Hi, Have you read up on fishless cycling. I read that you are going to set up the tank and add the fish after about 8 weeks. You do know of course that in order for the tank to cycle you need an ammonia source??
Just checking!!


----------



## Guest (Jun 8, 2007)

I'd drop the cichlids, as Demasonis are very aggressive Africans that need a Mbuna only tank as well as a 55g minimum IMO because they should be kept in large groups.

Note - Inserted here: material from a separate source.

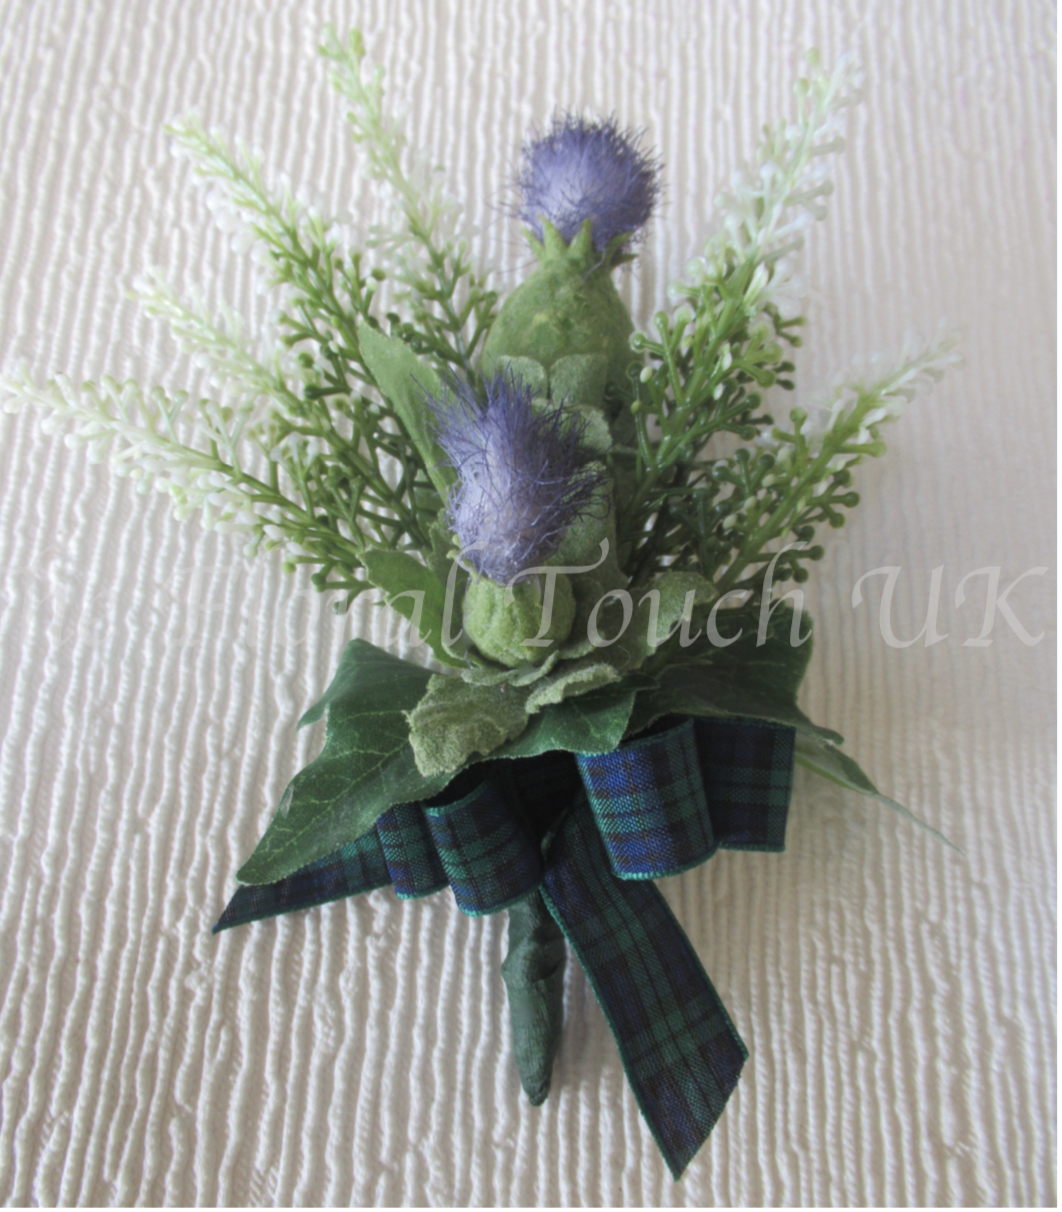 Scottish Thistle & Heather Buttonhole, scottish inspired wedding flowers

Tiger barbs are ok for your tank, but they will get about 3 inches, so can be rather large for a 30g tank. I'd go with the Emporer or Blue tetras and then choose another group (i recommend against Serpaes as they are nippy and will limit other fish choices). Then you could have a pair of dwarf Cichlids like Apistos, Bolivian rams, or German Rams. You could also choose some bottom fish like Cories if you like them. I'd get a group of atleast 6 of one species.


----------



## SBDTHUR (Jun 15, 2007)

As many people pointed out, be careful with the barbs. My Green Tiger Barb's are huge fin nipper's. Especially on slow moving fish.:fish:


----------



## Guest (Jun 15, 2007)

my cherry barb and my gold barbs are prolly my favorits fish in my tank ATM. i highly recomend cherry barbs because they are bright red and are very active. gold barbs are also good but females can get to 4 inches and males only get to 2. they are very active and colorful fish that make any tank more colorful. i wouldn't recomend the tigers unless you are devoting the tank specifically to them because with tigers, it is really hit or miss with the fish that you can keep with them. good luck with them.

Andrew


----------



## judya (Jan 23, 2005)

There are a lot of smaller less aggressive cichlids you could keep, but the demasonis - nope. I'd recommend rams, apistogramma, kribensis, maybe a pair of clown cichlids (anomalochromis thomasi) or rainbow cichlids (Herotilapia multispinosa). However in general I'd leave the cichlids until later in your fish keeping experience.
I like a lot of the rasboras - harlequin or brilliant; barbs such as cherry barbs or black ruby barbs; and danios - pearl, zebra, leopard - nice zippy schooling fish.
I also like corydoras catfish - nice personality.


----------



## CVV1 (Oct 7, 2005)

How do you people get stuff so cheap!?!?!?!?! I got a hood, 20 gallon, filter and rocks for $100!!!! HOLY CRAP


----------



## judya (Jan 23, 2005)

I get most of my stuff at the fish club auctions - here in Ohio there are about 10 clubs, and most have one or two big auctions a year, and sometimes smaller fish auctions at the meetings. Also I was browsing eBay and looking for aquarium or fish tank listings within a 100 mile distance, and there were quite a few listed. Of course with gas prices, 100 miles would be really pushing it!


----------